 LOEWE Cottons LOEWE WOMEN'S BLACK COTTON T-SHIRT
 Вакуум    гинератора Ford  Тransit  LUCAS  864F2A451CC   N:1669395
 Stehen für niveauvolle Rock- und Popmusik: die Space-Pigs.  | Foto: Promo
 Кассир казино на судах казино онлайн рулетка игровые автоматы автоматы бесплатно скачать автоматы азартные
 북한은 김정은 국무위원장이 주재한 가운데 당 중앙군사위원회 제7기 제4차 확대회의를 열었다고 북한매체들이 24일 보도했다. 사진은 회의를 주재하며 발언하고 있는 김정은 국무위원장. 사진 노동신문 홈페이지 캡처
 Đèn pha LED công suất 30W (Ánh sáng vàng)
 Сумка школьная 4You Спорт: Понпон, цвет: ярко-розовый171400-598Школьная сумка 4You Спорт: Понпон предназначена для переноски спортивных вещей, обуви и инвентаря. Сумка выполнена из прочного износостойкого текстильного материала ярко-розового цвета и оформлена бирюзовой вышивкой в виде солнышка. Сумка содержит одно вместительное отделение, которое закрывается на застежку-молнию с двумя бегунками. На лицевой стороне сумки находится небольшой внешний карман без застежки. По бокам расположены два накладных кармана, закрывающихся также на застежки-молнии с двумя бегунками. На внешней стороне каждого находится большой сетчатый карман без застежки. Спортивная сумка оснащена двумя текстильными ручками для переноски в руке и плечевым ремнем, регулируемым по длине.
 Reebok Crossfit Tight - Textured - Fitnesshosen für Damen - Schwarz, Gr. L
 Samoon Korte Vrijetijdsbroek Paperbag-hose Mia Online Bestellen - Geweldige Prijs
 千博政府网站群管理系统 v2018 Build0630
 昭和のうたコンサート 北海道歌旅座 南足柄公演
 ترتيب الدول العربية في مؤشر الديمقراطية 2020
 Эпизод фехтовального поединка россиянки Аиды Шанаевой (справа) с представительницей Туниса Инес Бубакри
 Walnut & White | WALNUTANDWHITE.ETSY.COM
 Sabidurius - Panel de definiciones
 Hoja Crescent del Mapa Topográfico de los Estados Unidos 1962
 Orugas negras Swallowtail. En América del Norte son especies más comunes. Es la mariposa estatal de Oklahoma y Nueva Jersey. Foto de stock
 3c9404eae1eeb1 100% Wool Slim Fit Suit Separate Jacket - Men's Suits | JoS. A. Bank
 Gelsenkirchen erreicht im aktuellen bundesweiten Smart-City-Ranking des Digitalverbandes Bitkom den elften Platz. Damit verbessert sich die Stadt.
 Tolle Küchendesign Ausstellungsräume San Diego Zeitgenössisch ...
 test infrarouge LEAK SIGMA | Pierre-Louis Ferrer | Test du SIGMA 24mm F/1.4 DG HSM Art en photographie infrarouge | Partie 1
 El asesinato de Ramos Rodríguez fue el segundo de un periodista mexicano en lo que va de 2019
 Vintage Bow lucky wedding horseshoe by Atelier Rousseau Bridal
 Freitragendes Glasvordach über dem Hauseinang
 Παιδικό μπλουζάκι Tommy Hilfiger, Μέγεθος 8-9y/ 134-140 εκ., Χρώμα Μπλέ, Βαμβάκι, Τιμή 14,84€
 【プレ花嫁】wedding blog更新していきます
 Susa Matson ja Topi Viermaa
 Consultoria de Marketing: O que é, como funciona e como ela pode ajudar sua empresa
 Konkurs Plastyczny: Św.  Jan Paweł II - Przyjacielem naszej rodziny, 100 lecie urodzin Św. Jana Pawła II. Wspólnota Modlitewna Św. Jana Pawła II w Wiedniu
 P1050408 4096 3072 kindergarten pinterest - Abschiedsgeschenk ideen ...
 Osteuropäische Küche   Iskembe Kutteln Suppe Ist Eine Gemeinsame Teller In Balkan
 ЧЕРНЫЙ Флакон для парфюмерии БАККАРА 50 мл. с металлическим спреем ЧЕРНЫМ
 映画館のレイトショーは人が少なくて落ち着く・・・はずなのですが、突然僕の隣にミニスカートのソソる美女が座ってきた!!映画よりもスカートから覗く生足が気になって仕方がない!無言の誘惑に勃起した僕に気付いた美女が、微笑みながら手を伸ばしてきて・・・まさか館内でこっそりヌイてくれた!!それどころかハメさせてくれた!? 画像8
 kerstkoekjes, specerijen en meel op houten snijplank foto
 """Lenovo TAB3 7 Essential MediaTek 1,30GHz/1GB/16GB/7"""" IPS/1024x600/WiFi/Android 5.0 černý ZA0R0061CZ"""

··········

Retype the entries exactly from the first line, stopping after the line with "Đèn pha LED công suất 30W (Ánh sáng vàng)".

 LOEWE Cottons LOEWE WOMEN'S BLACK COTTON T-SHIRT
 Вакуум    гинератора Ford  Тransit  LUCAS  864F2A451CC   N:1669395
 Stehen für niveauvolle Rock- und Popmusik: die Space-Pigs.  | Foto: Promo
 Кассир казино на судах казино онлайн рулетка игровые автоматы автоматы бесплатно скачать автоматы азартные
 북한은 김정은 국무위원장이 주재한 가운데 당 중앙군사위원회 제7기 제4차 확대회의를 열었다고 북한매체들이 24일 보도했다. 사진은 회의를 주재하며 발언하고 있는 김정은 국무위원장. 사진 노동신문 홈페이지 캡처
 Đèn pha LED công suất 30W (Ánh sáng vàng)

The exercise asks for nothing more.